The butterscotch lamps along the walls of the tight city square bled upward into the cobalt sky, which seemed as strikingly artificial and perfect as a wizard's cap. The staccato piano chords ascended repeatedly. "Black eyed angels swam at me," Yorke sang like his dying words. "There was nothing to fear, nothing to hide." The trained critical part of me marked the similarity to Coltrane's "Ole." The human part of me wept in awe.

The Italians surrounding me held their breath in communion (save for the drunken few shouting "Criep!"). Suddenly, a rise of whistles and orgasmic cries swept unfittingly through the crowd. The song, "Egyptian Song," was certainly momentous, but wasn't the response more apt for, well, "Creep?" I looked up. I thought it was fireworks. A teardrop of fire shot from space and disappeared behind the church where the syrupy River Arno crawled. Radiohead had the heavens on their side.

For further testament, Chip Chanko and I both suffered auto-debilitating accidents in the same week, in different parts of the country, while blasting "Airbag" in our respective Japanese imports. For months, I feared playing the song about car crashes in my car, just as I'd feared passing 18- wheelers after nearly being crushed by one in 1990. With good reason, I suspect Radiohead to possess incomprehensible powers. The evidence is only compounded with Kid A-- the rubber match in the band's legacy-- an album which completely obliterates how albums, and Radiohead themselves, will be considered.

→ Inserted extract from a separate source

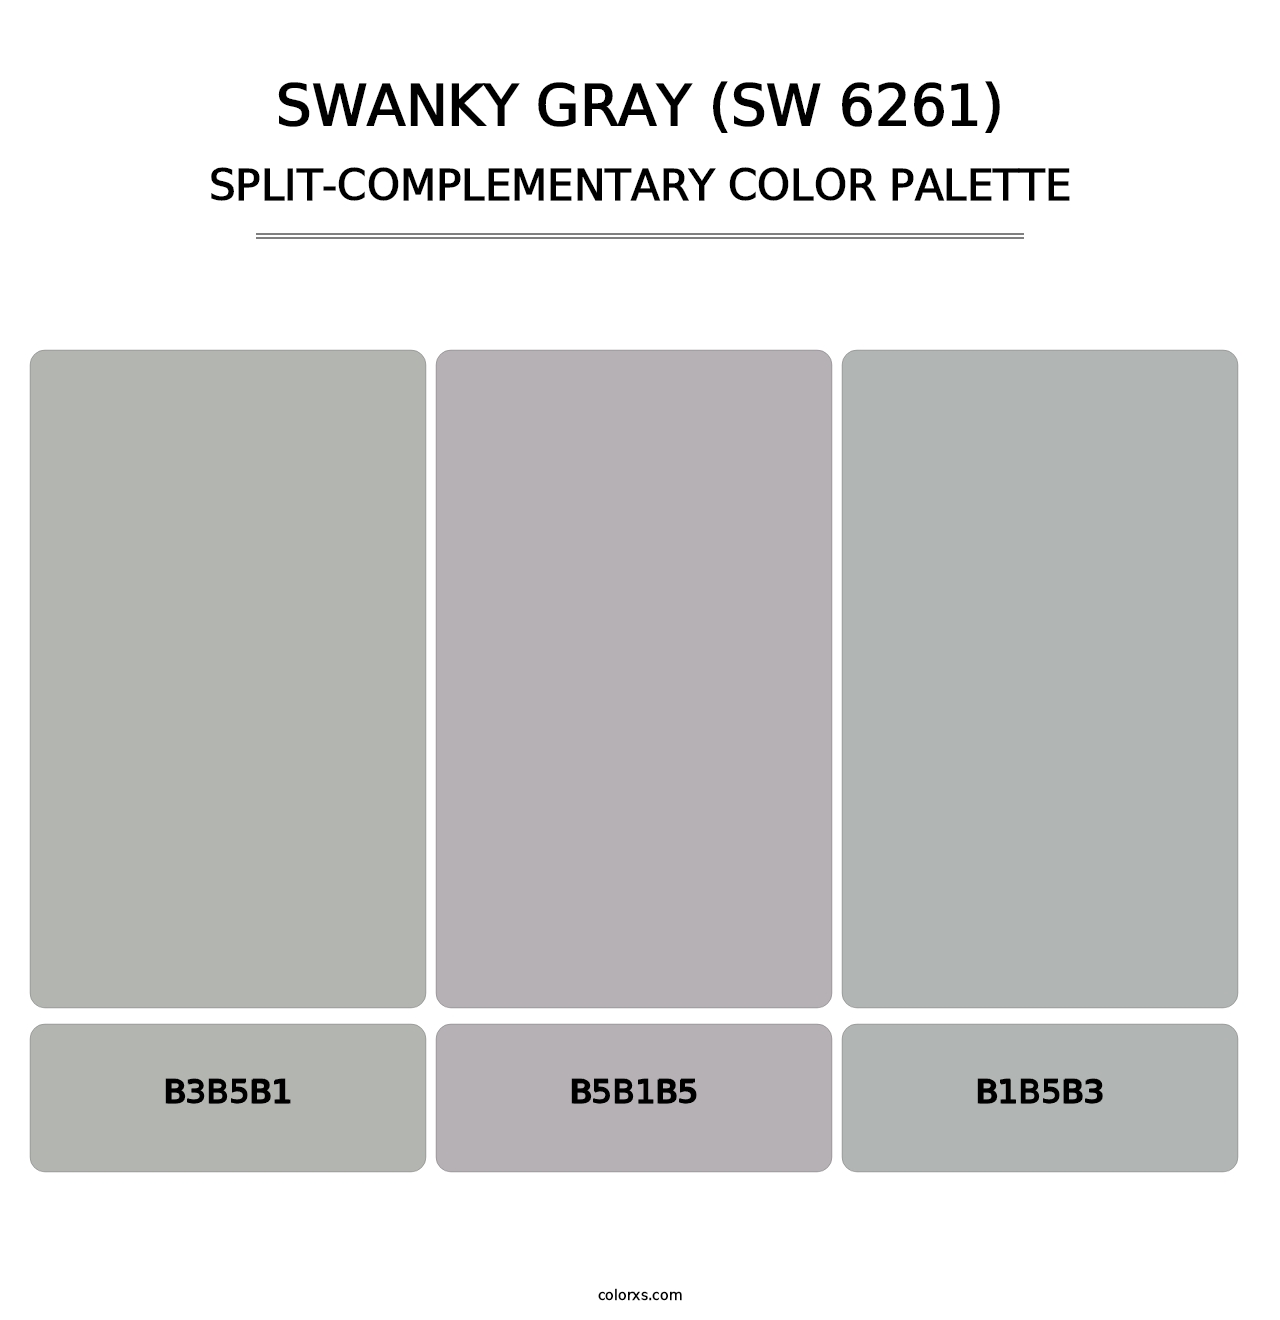 Swanky Gray (SW 6261) - Split-Complementary Color Palette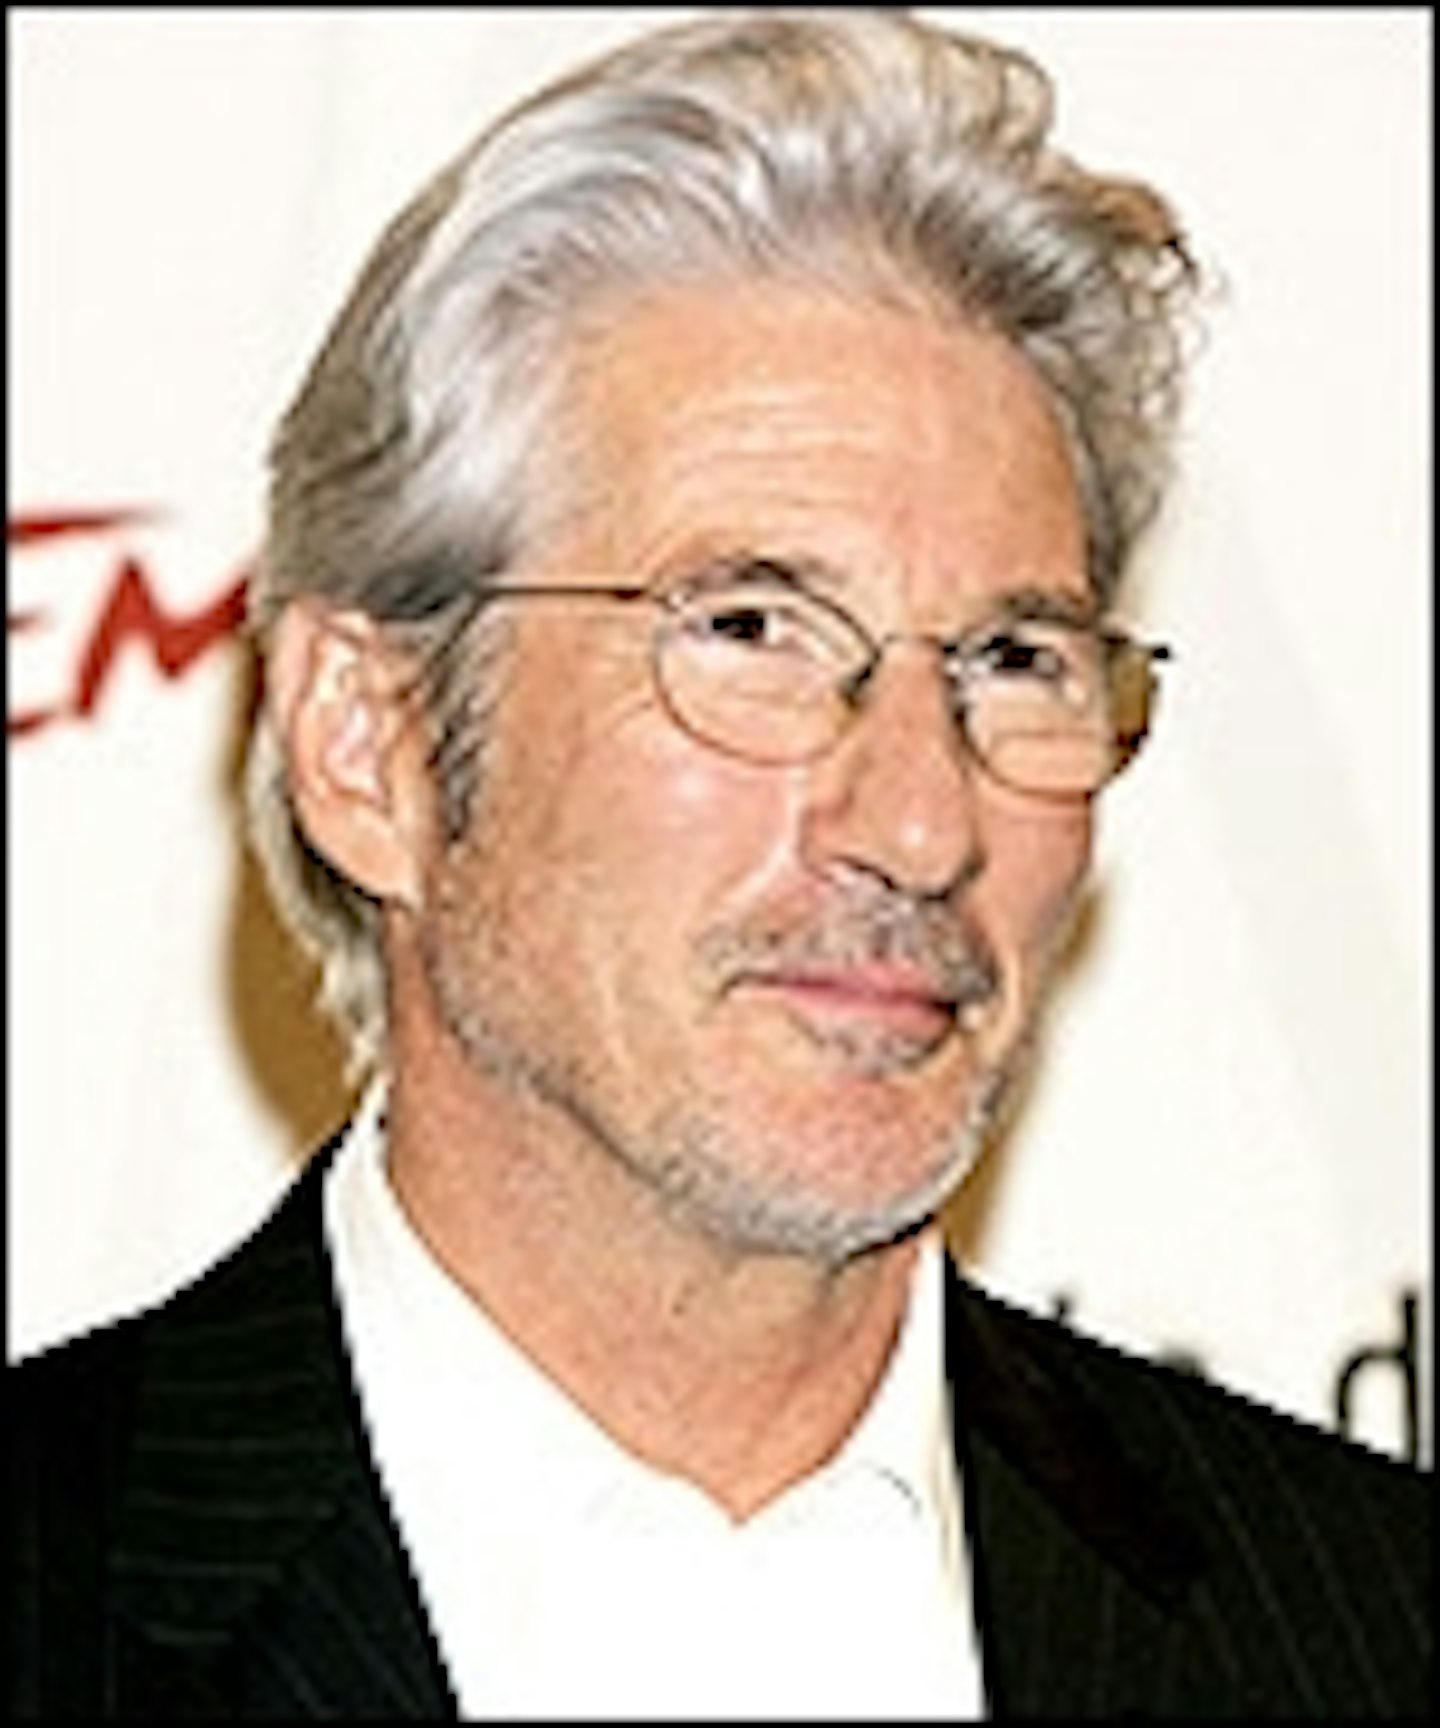 Richard Gere Lines Up Two Projects

Even the heralded OK Computer has been nudged down one spot in Valhalla. Kid A makes rock and roll childish. Considerations on its merits as "rock" (i.e. its radio fodder potential, its guitar riffs, and its hooks) are pointless. Comparing this to other albums is like comparing an aquarium to blue construction paper. And not because it's jazz or fusion or ambient or electronic. Classifications don't come to mind once deep inside this expansive, hypnotic world. Ransom, the philologist hero of C.S. Lewis' Out of the Silent Planet who is kidnapped and taken to another planet, initially finds his scholarship useless in his new surroundings, and just tries to survive the beautiful new world.

This is an emotional, psychological experience. Kid A sounds like a clouded brain trying to recall an alien abduction. It's the sound of a band, and its leader, losing faith in themselves, destroying themselves, and subsequently rebuilding a perfect entity. In other words, Radiohead hated being Radiohead, but ended up with the most ideal, natural Radiohead record yet.

"Everything in Its Right Place" opens like Close Encounters spaceships communicating with pipe organs. As your ears decide whether the tones are coming or going, Thom Yorke's Cuisinarted voice struggles for its tongue. "Everything," Yorke belts in uplifting sighs. The first-person mantra of "There are two colors in my head" is repeated until the line between Yorke's mind and the listener's mind is erased.

Skittering toy boxes open the album's title song, which, like the track "Idioteque," shows a heavy Warp Records influence. The vocoder lullaby lulls you deceivingly before the riotous "National Anthem." Mean, fuzzy bass shapes the spine as unnerving theremin choirs limn. Brash brass bursts from above like Terry Gilliam's animated foot. The horns swarm as Yorke screams, begs, "Turn it off!" It's the album's shrill peak, but just one of the incessant goosebumps raisers.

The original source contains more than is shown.